フィティアンガの子供達は、10歳や12歳くらいなのに、とても自立しているんです、考え方が。小さな子供の面倒も見るし、親や地域のおじさんおばさん、先生のことも大事にする。
私なんて、その年齢の頃は自分のことしか考えてなかったよなあ…と思うと、我が子もこのように自立した子供に育ってほしいなと思ったのです。
で、夢は、子供が16歳になったら
お母さん、僕はどこどこの国でどんなことをしたいから家を出て勉強したい!
と言えるようになるくらい、精神的に自立して育ってくれたら親としては本望かなと思っています。
きっとうれしさ半分、寂しさ半分だと思いますが…。
その「どこの国」というのは、もちろん日本でも良いですが、子供達には自分の夢や進む道を自分で切り開いてほしいなと思っています。

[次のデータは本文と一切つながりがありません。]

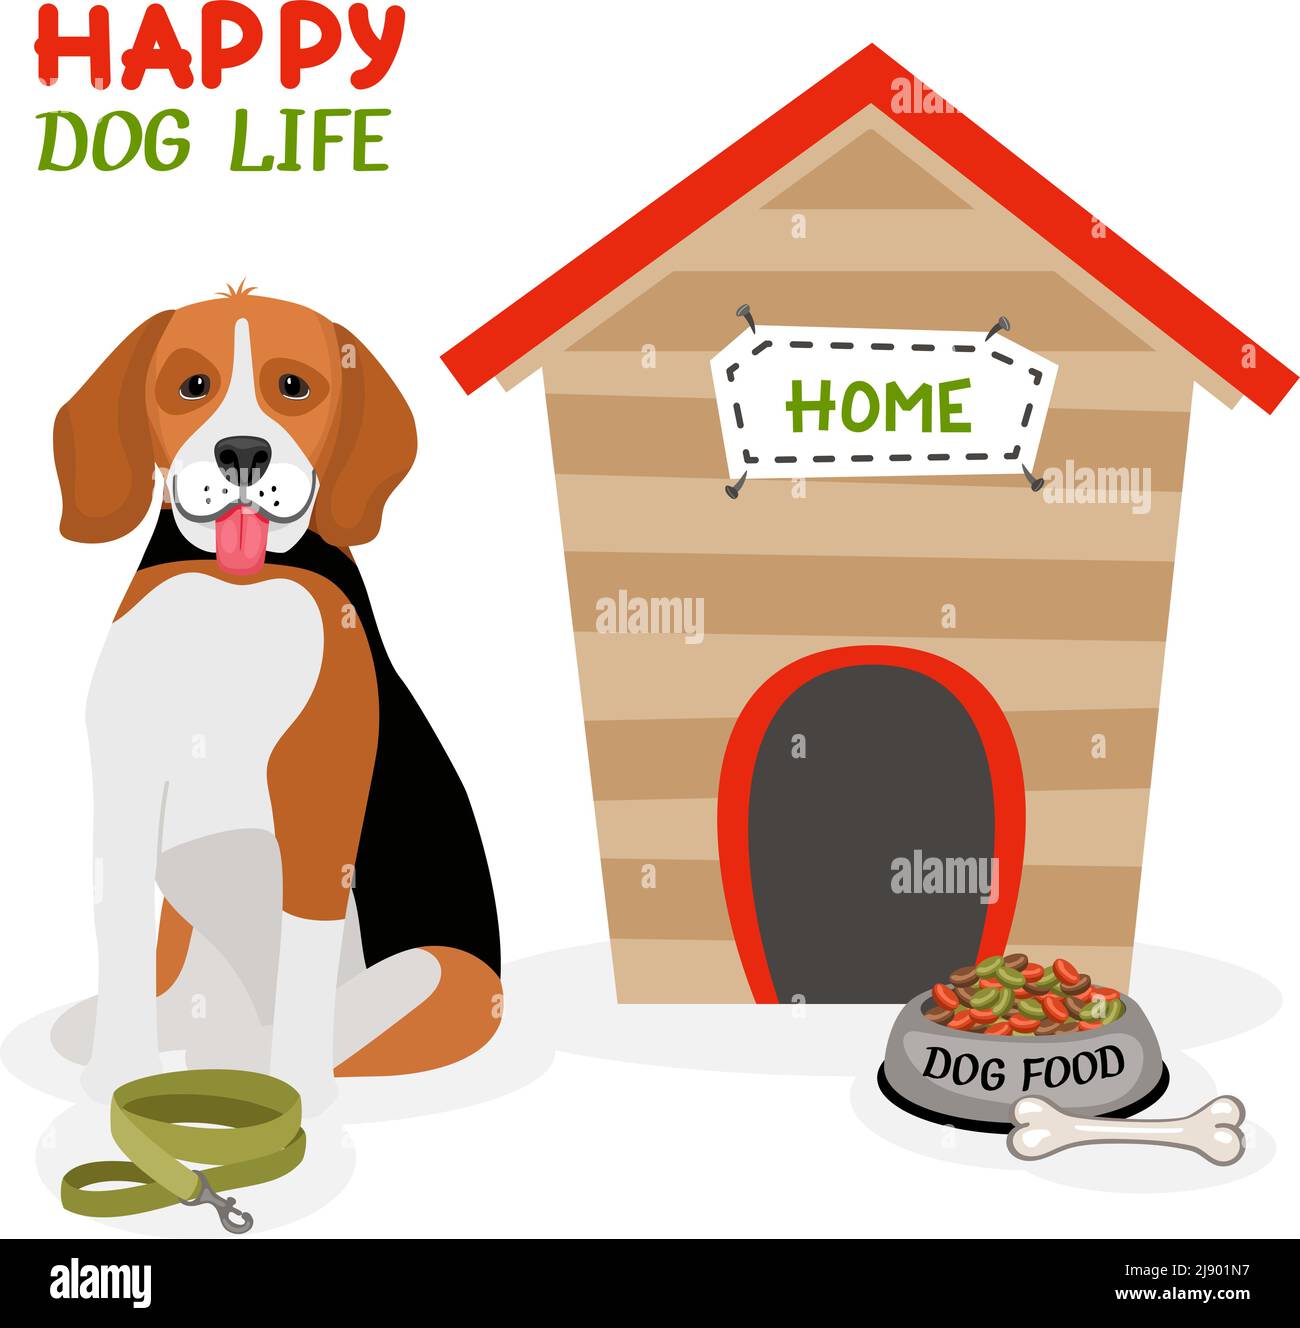 Happy Dog Life Vektor-Poster-Design mit einem niedlichen Beagle Mit der Zunge vor einem hundehütte sitzend Mit einem Bleiknochen und einer Schüssel mit Nahrung Stock Vektor

そのために、世界は広いんだぞと教えるために、一度は海外留学を短期でも長期でも経験させたいです。だから仕事は辞められないです(笑)
日本でも海外でもどこでもいい
まずは「外に出てみよう」と思うことが大事だと思います
−−Glolea![グローリア]読者のママ達へのメッセージをおねがいします。
今村:私はいつも、日本を離れると、日本の良さを実感して「早く帰りたーい」と思うんです。長く居すぎると「そろそろどっか旅したい」とも思いますが。離れてみると、元いた場所をより客観的にみることが出来るというのは良いことかなと思います。
GlobalなLearningは、何も海外にいなくては出来ないことはないと思いますが、まずは「外に出てみよう」と思うことが大事だと思っています。
「外」というのは自分の住む都道府県の外、でも良いと思います。
普段自分が過ごすエリアと違うところに行くと、それだけで違う文化があり、方言があり、考え方があり、コミュニティがある。
そういう「違い」を面白いと思えるようになれれば、人生はもっと豊かになるんじゃないかと思います。
子育ては本当に大変で、しんどい。
そんなこと考えるヒマもないほどめまぐるしく日々は過ぎるのですが、小さな一歩、大きな世界。
こんな子供になってほしいな、こんな親子になりたいな、と妄想を膨らませると、楽しいですよ!